Visualization and Illustration: HWD.

Writing-Original Draft: HWD and JLN.

Writing-Reviewing and Editing: HWD, JLN, CMN, KW, KB, MJM, CMN.

Submission declaration

The work described in this article has not been published previously or is under consideration for publication elsewhere. All authors have approved the submission of this article.

Declaration of competing interest

The authors declare the following financial interests/personal relationships which may be considered as potential competing interests: Jeffrey Neul reports financial support was provided by National Institute for Child Health and Development. Jeffrey Neul reports financial support was provided by International Rett Syndrome Foundation. Colleen Niswender reports financial support was provided by International Rett Syndrome Foundation. Colleen Niswender reports a relationship with ACADIA Pharmaceuticals Inc that includes: funding grants. Colleen Niswender reports a relationship with Neumora Therapeutics that includes: funding grants. Colleen Niswender received royalties from Acadia Pharmaceutical and Neumora Therapeutics for various classes of muscarinic receptor modulators. If there are other authors, they declare that they have no known competing financial interests or personal relationships that could have appeared to influence the work reported in this paper.

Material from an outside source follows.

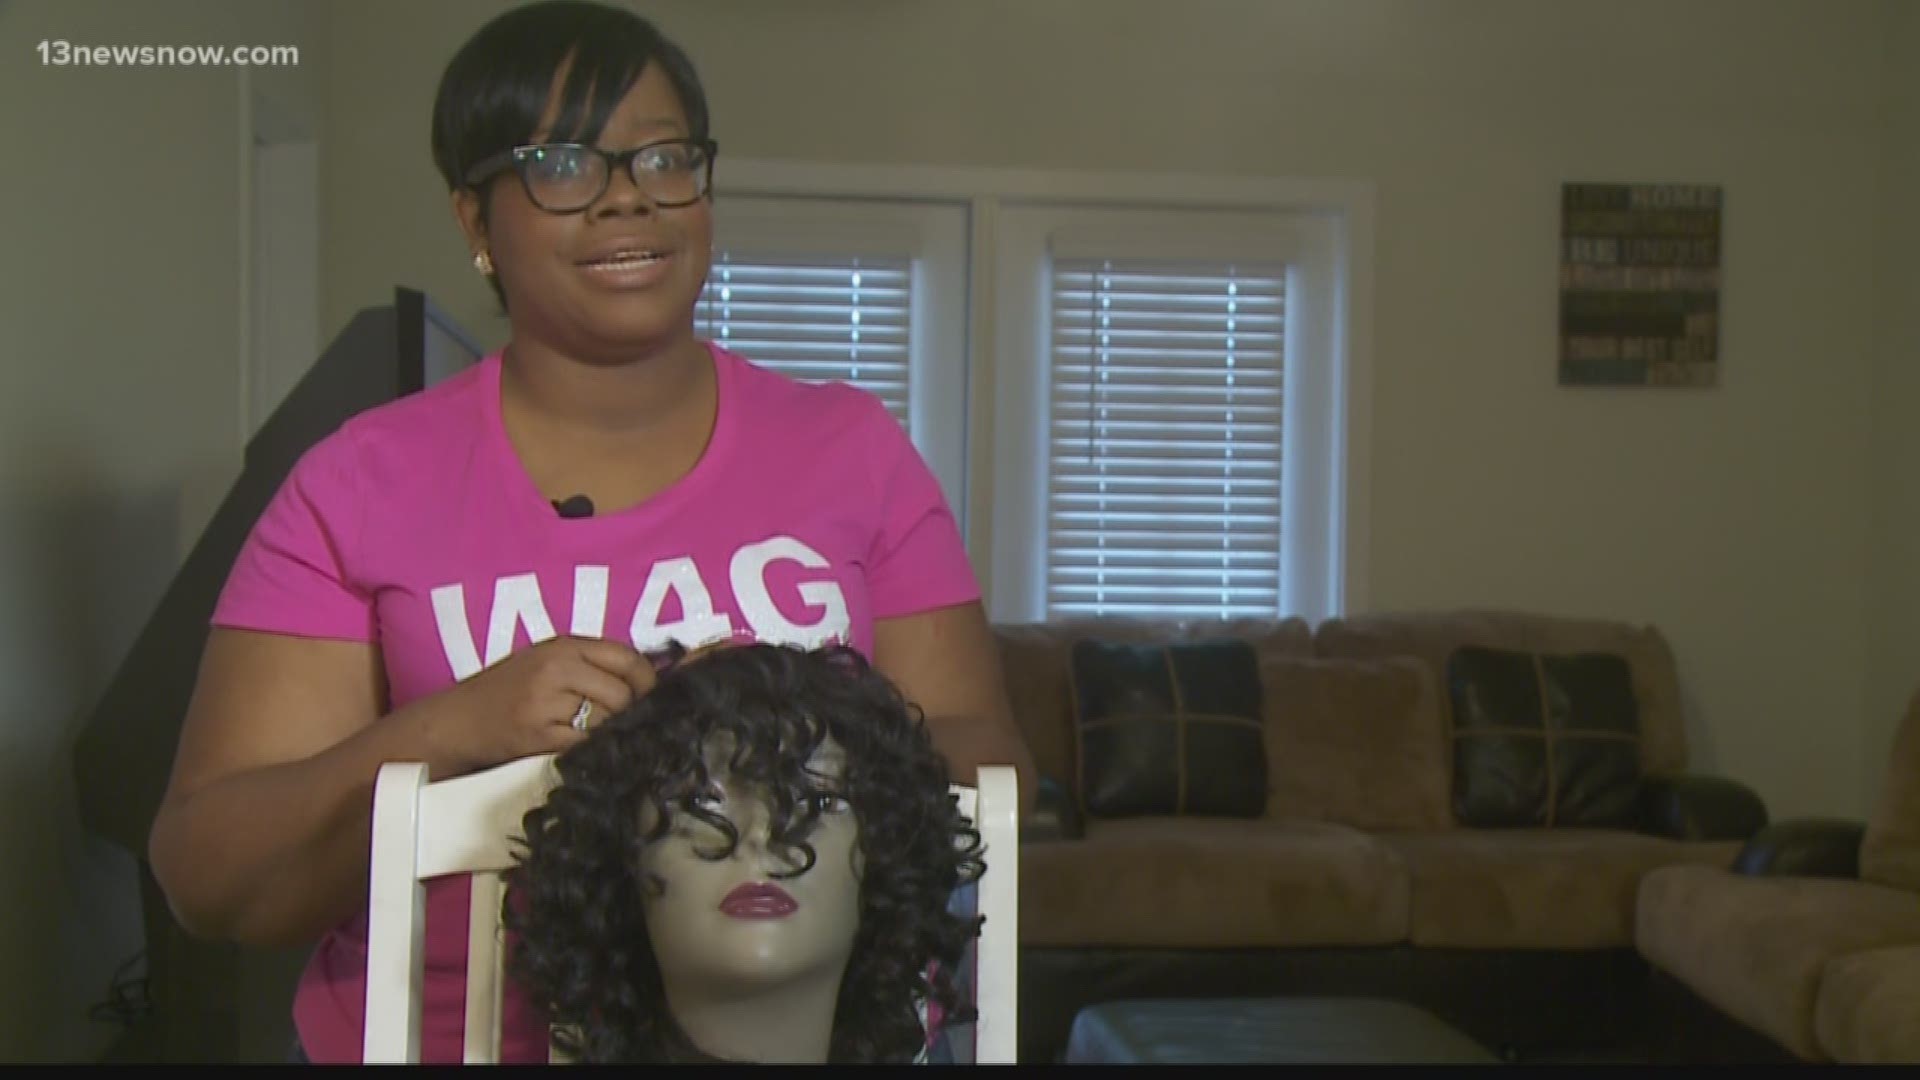 A local woman is making a difference through wig design after deciding to give back to those who have lost their hair due to illness.

Appendix A. Supplementary data

The following are the Supplementary data to this article:

Fig. S1A. Examples of AEP from 200 stimulation trials (light and thin lines) and their average (dark and thick line) evoked in one WT (upper row) and one Mecp2^+/− mutant mouse (lower row) with vehicle or VU846 (3 ​mg/kg) injection. B. Comparison of coefficient variation of AEP Peak, latency and P2 rising and decay slope from 200 trials in WT (n ​= ​11) and MUT (n ​= ​11) in WT or MUT animals, #p ​< ​0.05, ##p ​< ​0.01 and ###p ​< ​0.00, significant difference between genotype with vehicle injection. ∗p ​< ​0.05 significant difference between vehicle and VU846 injection. Two-way ANOVA followed by post-hoc Tukey multiple comparison test.

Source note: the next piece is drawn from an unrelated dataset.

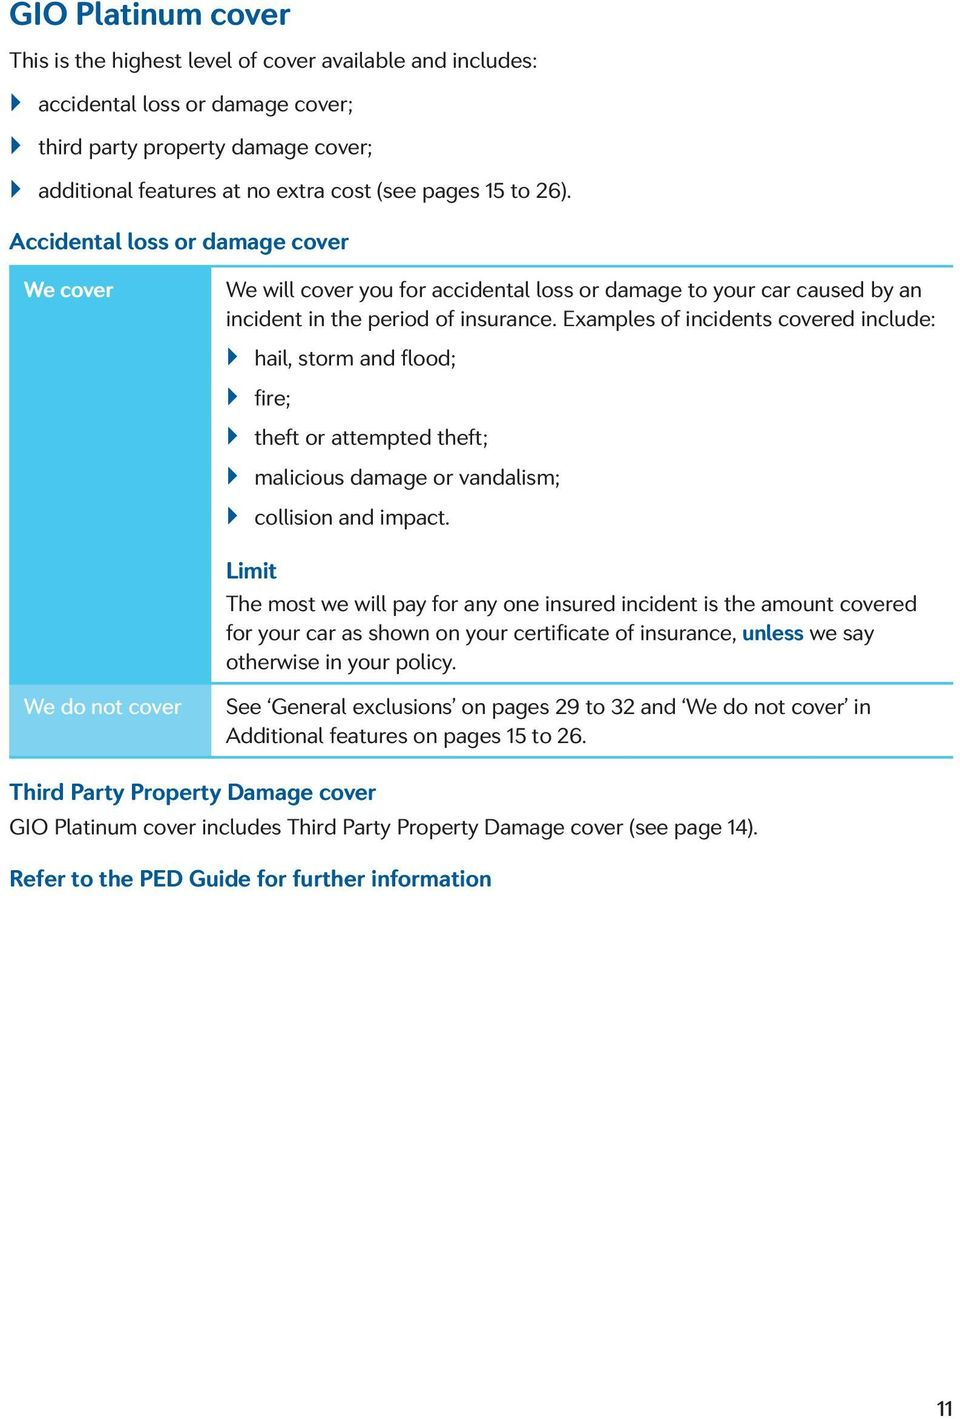 Car Insurance Product Disclosure Statement Pdf Free Download intended for proportions 960 X 1419

Table S1Dosing effects of VU846 on AEP measurements in wildtype (WT) and Mecp2^+/− mutant mice (MUT). AEP peak is normalized by dividing the basal AEP peak before vehicle or VU846 injection. AEP power and ITPC value were calculated as the difference between VU846 dosing and vehicle administration. All data were represented by the mean ​± ​SEM. #p ​< ​0.05, ##p ​< ​0.01 and ###p ​< ​0.001 between the genotype between equivalent doses. ∗p ​< ​0.05 and ∗∗p ​< ​0.01 between VU846 dosing and vehicle within genotype, two-way ANOVA followed by Tukey post-hoc multiple comparisons.

Table S2Dosing effects of VU846 on basal EEG power and 1/f slope from parietal and frontal cortex in active and sleep states in wildtype (WT) and Mecp2^+/− mutant mice (MUT). All data were represented by the mean ​± ​SEM. #p ​< ​0.05, ##p ​< ​0.01 and ###p ​< ​0.001 between the genotype between equivalent doses. ∗p ​< ​0.05 and ∗∗p ​< ​0.01 between VU846 dosing and vehicle within genotype, two-way ANOVA followed by Tukey post-hoc multiple comparisons.